More on Communist China and the United States: Falun Gong makes a presence at the World Transplant Congress in Boston (Epoch Times). Dan Sanchez (Epoch Times) has another installment on the Pepperdine University conference on Taiwan and the U.S. Lev Navrozov (Newsmax) sounds the alarm once more on the nano-tech race. The Communist currency slips over 12.5 cents, but is still nowhere near the 15-16 cents it would likely be in an unregulated market (BBC).

Canada file: Graham Fraser (Toronto Star) takes notice of the Harper government's robust anti-Communism, but since it's the Star, it won't praise him for it. Meanwhile, CBC and the Globe and Mail have the latest on Canadian citizen and Communist prisoner Huseyin Celil.

Taiwan won't even get the Olympic torch: Communist China is insisting "that the torch pass through Taiwan as an 'internal route'" (Taipei Times), which would "make the entire event a big piece of political propaganda by the Chinese authorities." Thus, the island democracy will likely turn down the "honor" of being part of the torch route; all of this is yet another reason why we should not be in Beijing in 2008.

Bird flu running rampant through East Turkestan: Over 350,000 chickens have been lost to the avian flu in and around Aqsu City (Epoch Times).

More on occupied East Turkestan: Not even Han Chinese sent to the occupied nation by the Communists were spared from the Cultural Revolution. Chen Xuelian (Epoch Times) has the harrowing story of a surgeon whose hands "were publicly chopped off with a broadsword."

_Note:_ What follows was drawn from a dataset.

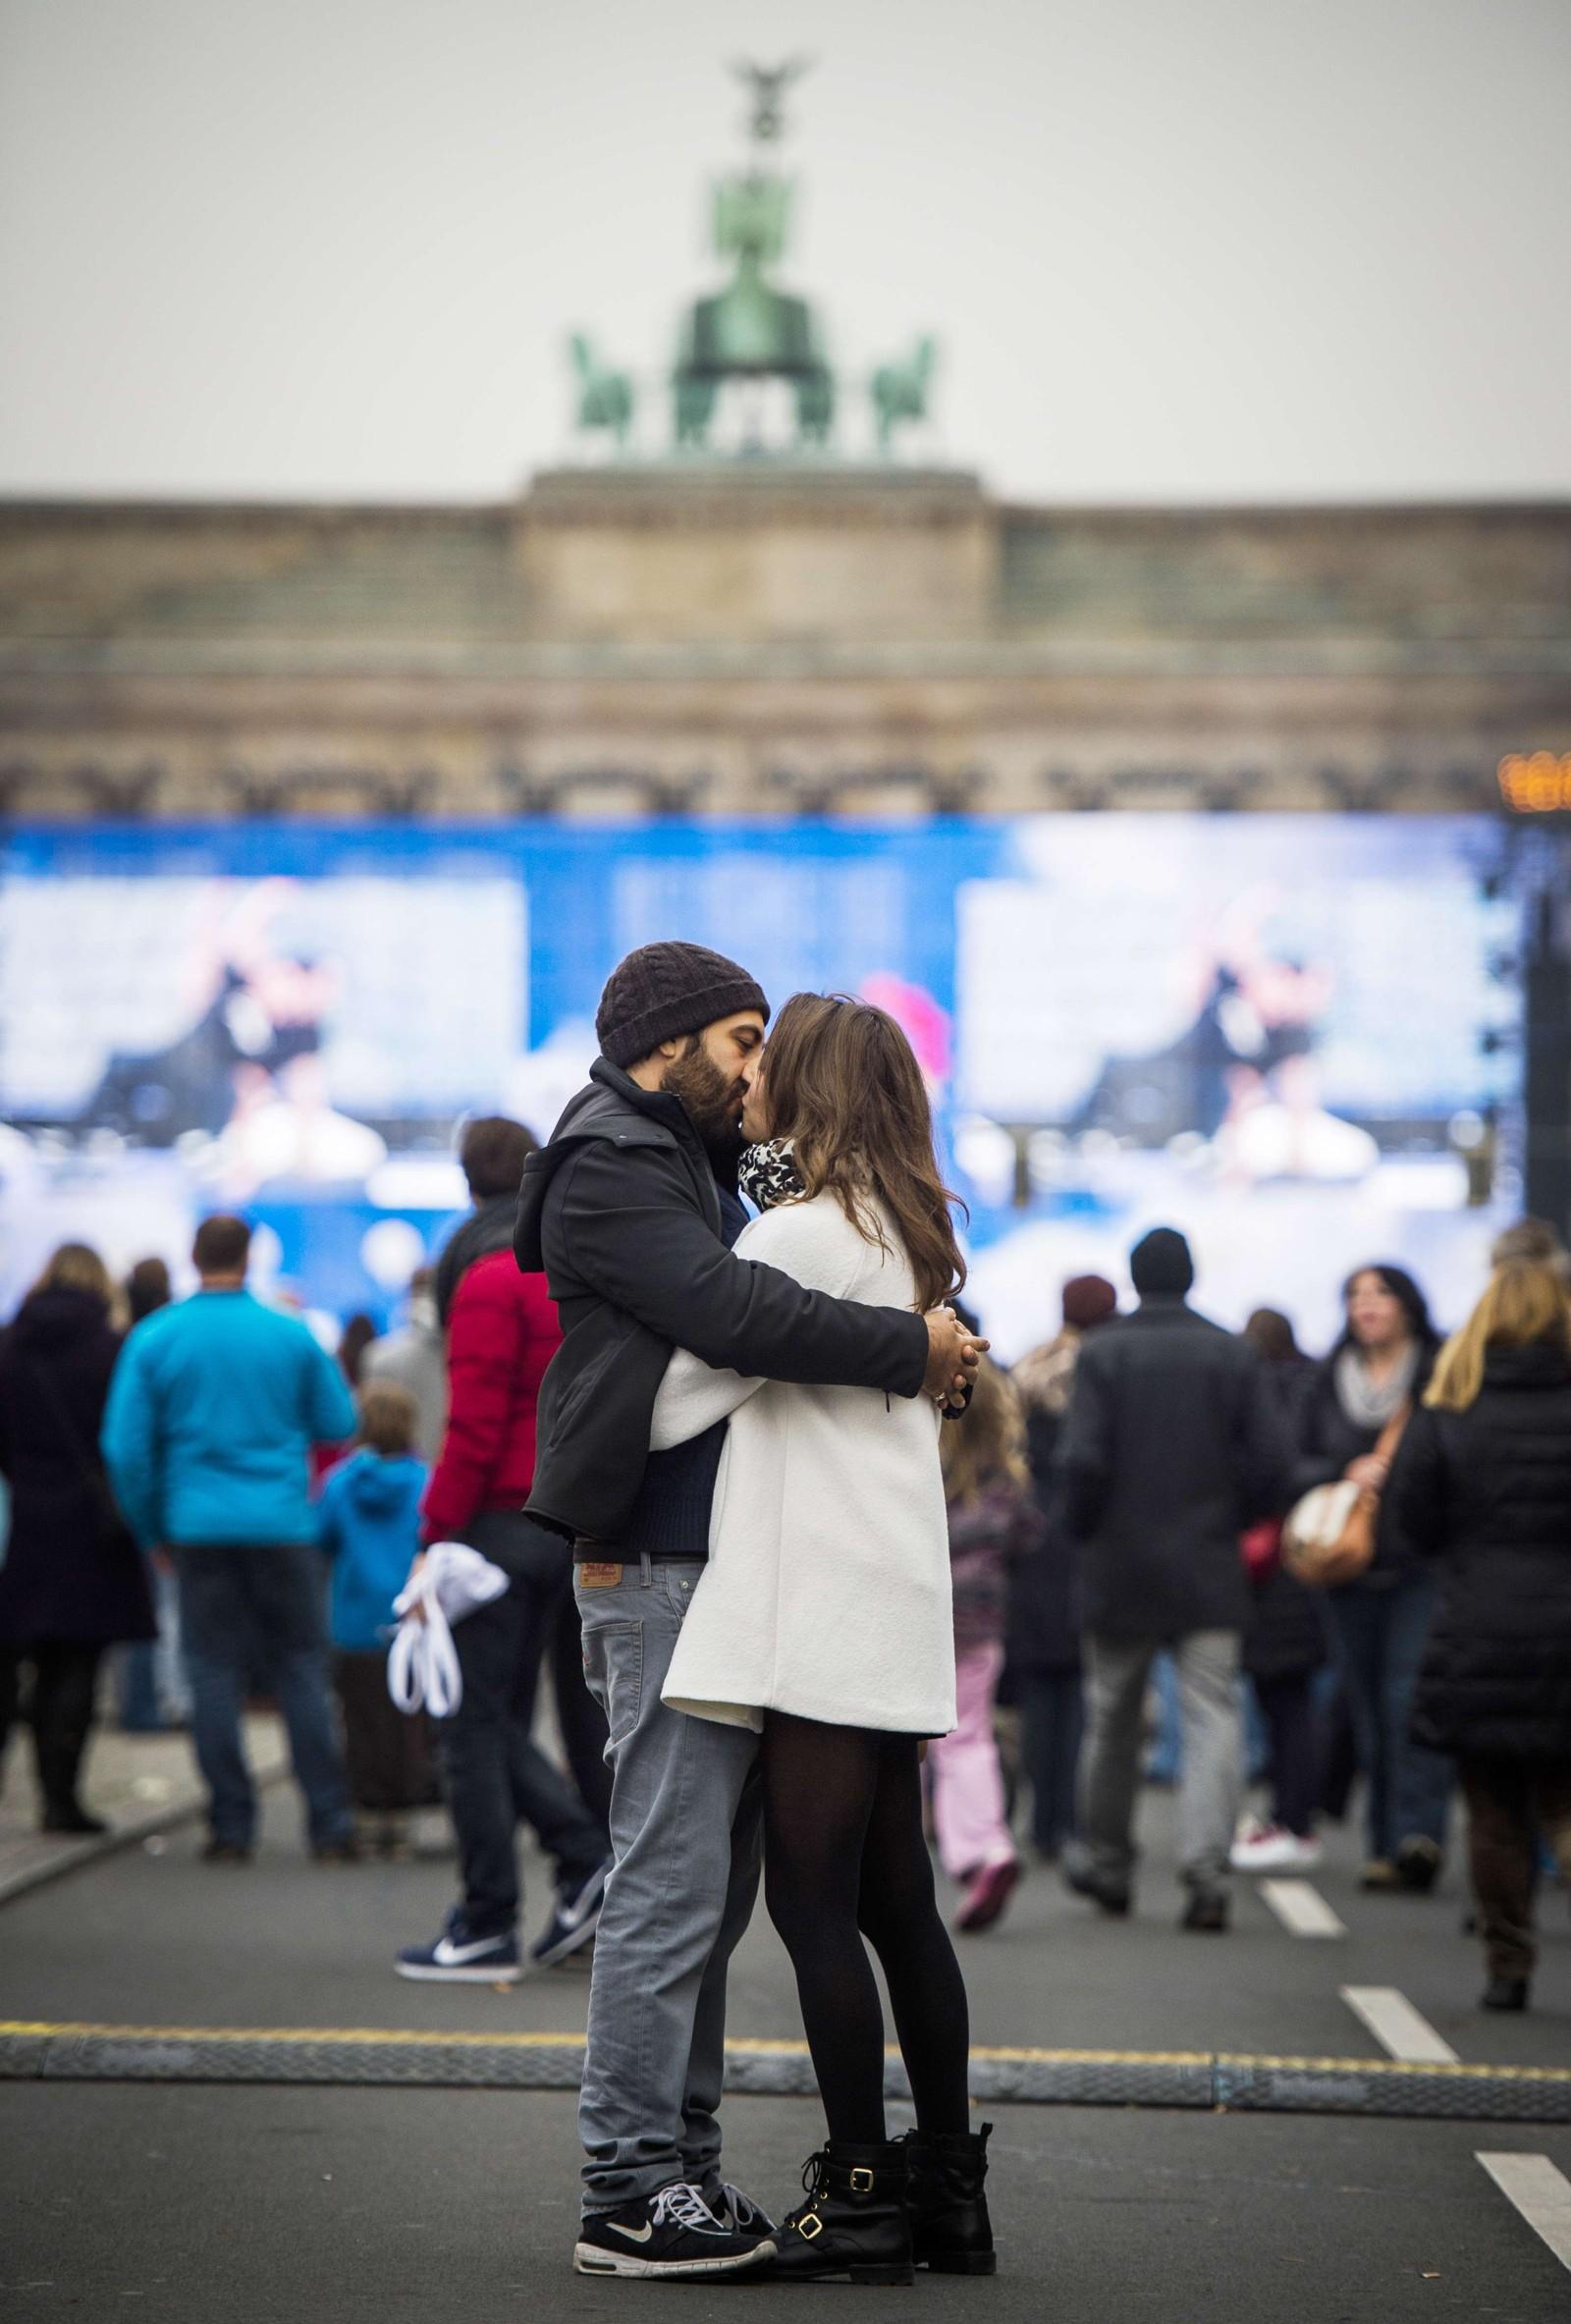 Et kyssende par foran Brandenburger Tor.

More on Communist China and the rest of the world: Huawei Technologies, the firm that helped Saddam Hussein integrate his air defenses inks a deal with Japan's eMobile (UPI via Washington Times). Zhang Jielien (Epoch Times) rips Singapore for doing Communist China's dirty work. Last month's military plane crash could have included scientists from Ukraine and Pakistan (Epoch Times). The cadres may cut export tax rebates (BBC). Some in India think the reports of Pakistan's nuclear reactor (last item) was "an attempt to 'bomb India's N-deal' with Washington" (Cybercast News). Meanwhile, Rupert Wingfield-Hayes (BBC) pens the Ignorant Comment of the Day by focusing on the superficial in comparing Communist China and India.

Anson Chan steps up for democracy in Hong Kong: The "top civil servant under Tung and the last colonial Governor, Chris Patten" (Time Asia) is arguably the most popular official in the city. She has decided to add "some democratic thunder and lightning to the world's press" (Christian Science Monitor) by coming out full-force for democracy in Hong Kong.

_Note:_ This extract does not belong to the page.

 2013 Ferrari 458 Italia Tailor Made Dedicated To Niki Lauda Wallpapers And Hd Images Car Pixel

Web users arrested; site shut down for 48th time: Police in Fuzhou arrested six internet users "were using the Internet in a NetBar without confirming real names" (Boxun). Meanwhile, the cadres shut down the Democracy and Freedom website "for the 48th time on Sunday" (South China Morning Post via Boxun).

More on human rights abuses in Communist China: Guo Yuetong has been arrested and jailed twice in the last four years; she is six years old (Epoch Times). The cadres are taking aim at "unhealthy" karaoke music (CBC). In response to worldwide criticism over their high level of executions, the Communists "are gradually moving toward what they say is a more discreet way of killing its prisoners: execution vans" (Asia Times). A Communist court's response to a citizen who tried to take his own life was as follows (Epoch Times): "Your attempted suicide in the Jinshui River disgraced the nation. If you wish to die, why don't you just hang yourself in the privacy of your own home?"

Did provincial cadres try to hide storm deaths? That was the question asked by numerous reporters (including the BBC) when the number of reported deaths from Tropical Storm Bilis more than doubled "after journalists visited the town of Pingshi and found that the initial death toll had been too low."

Communists double military pay: Beginning this month, Communist China's soldiers will earn twice as much as they did earlier, "the largest wage raise in the history of the Chinese Communist Party" (Epoch Times).

Millions of peasants will suffer land seizures: The Communists themselves are admitting that "15 million farmers in China are expected to lose their land" (Washington Post, second item) between now and 2011. Of course, the Communists put the blame on "urbanization," rather than their lust for land and corrupt profits.